▶ **EXERCISE**
Copy each line below as it stands, but skip any picture it contains.

▶ **SUPPLIED MATERIAL**

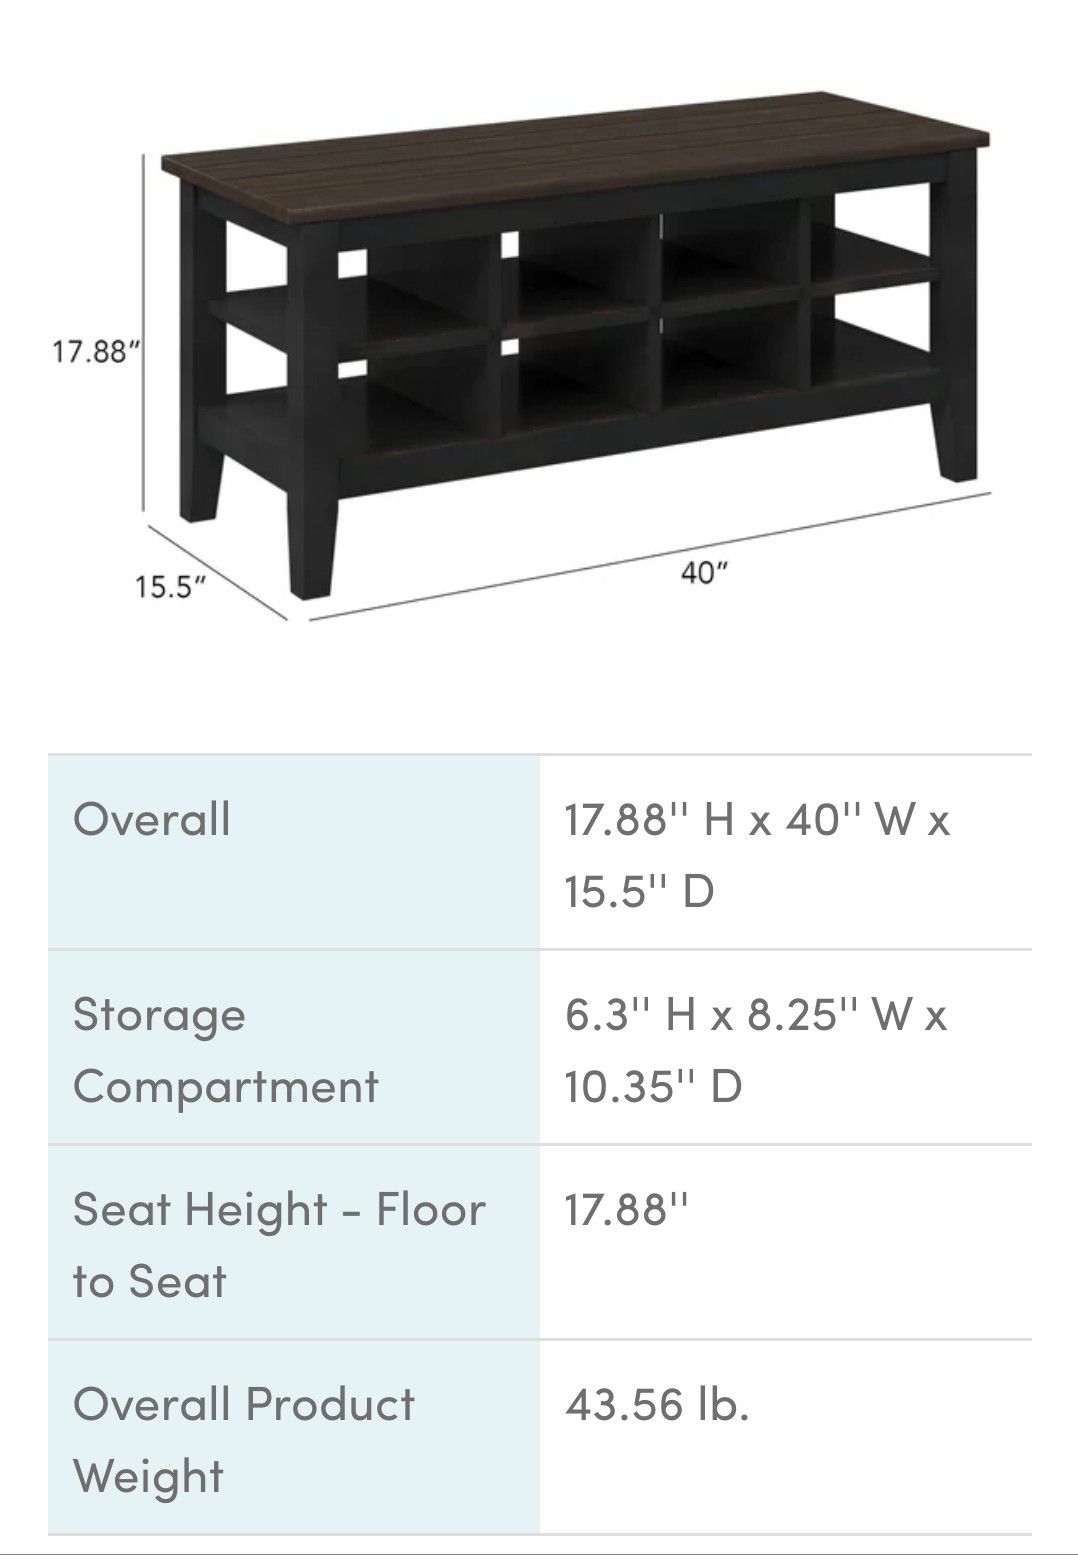 Brand New Distressed Black Cubby Storage Shelf
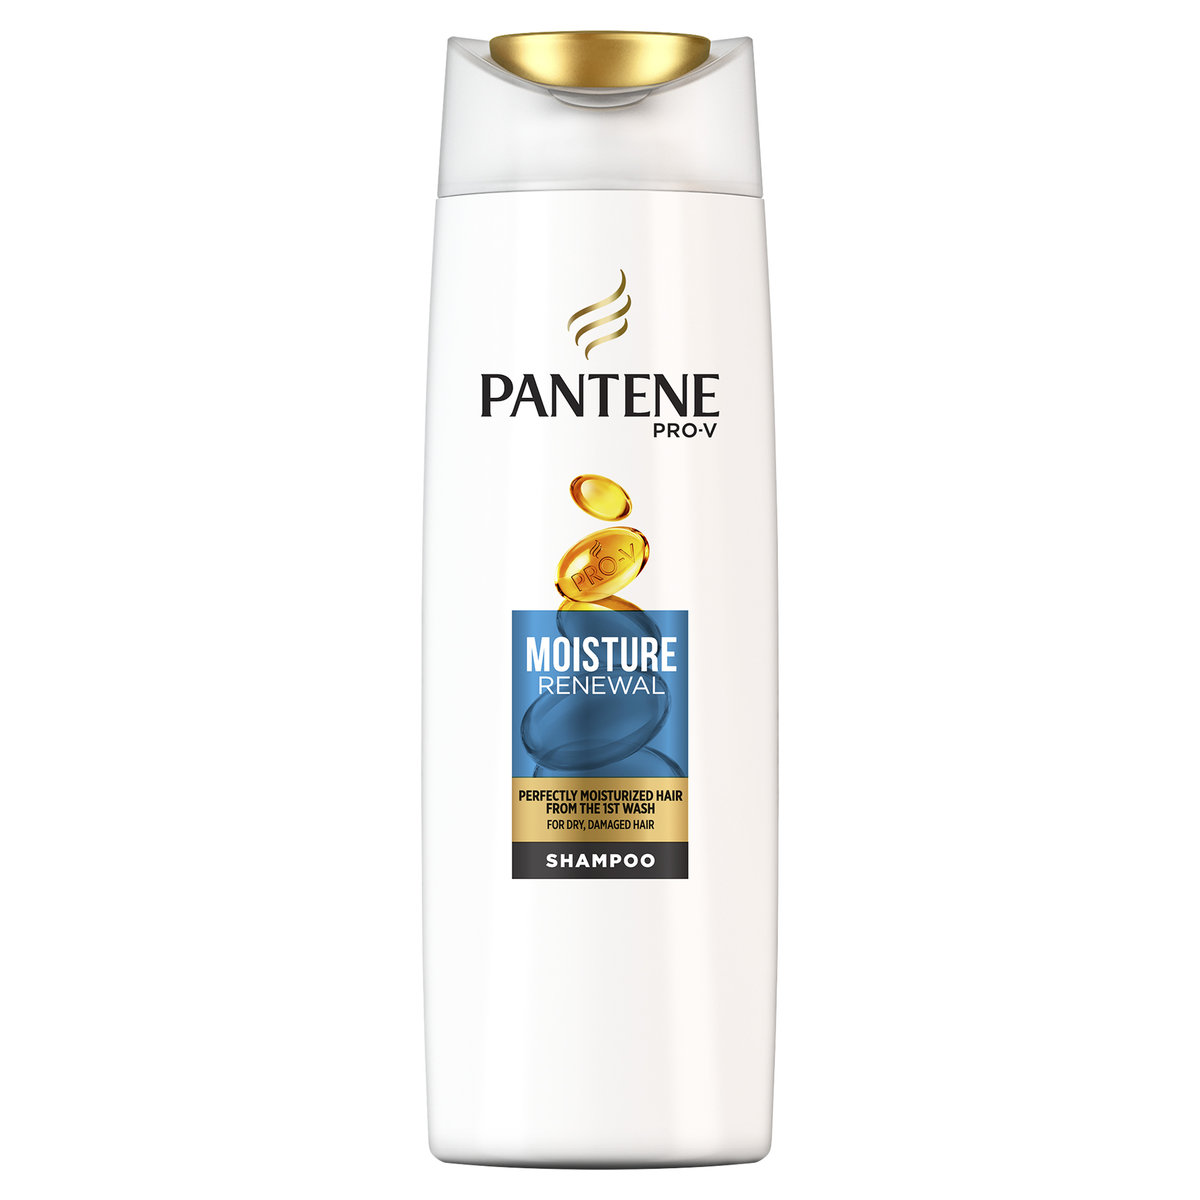 szampon pantene odnowa nawilżenia
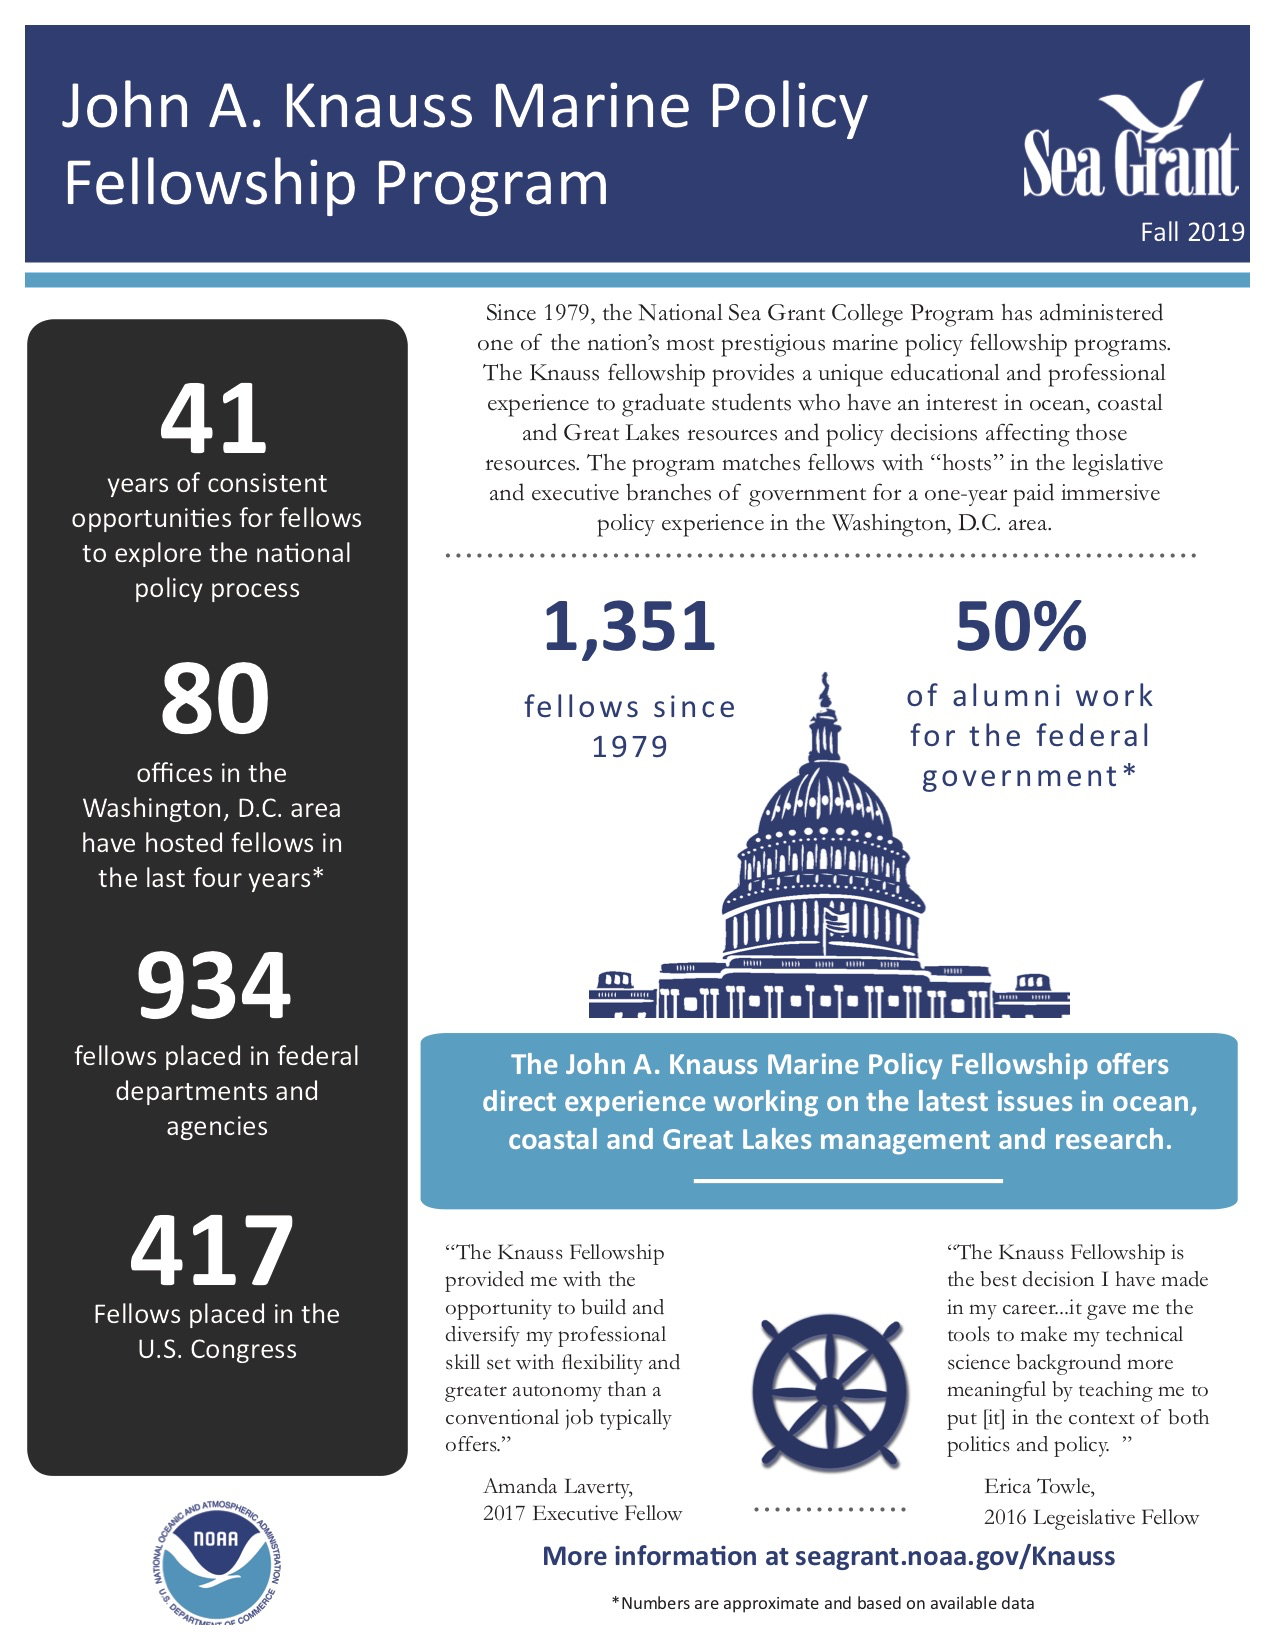 Fact sheet about the John A. Knauss Marine Policy Fellowship Program

▶ **RESPONSE FOR THIS EXERCISE**
 Brand New Distressed Black Cubby Storage Shelf
 szampon pantene odnowa nawilżenia
 Fact sheet about the John A. Knauss Marine Policy Fellowship Program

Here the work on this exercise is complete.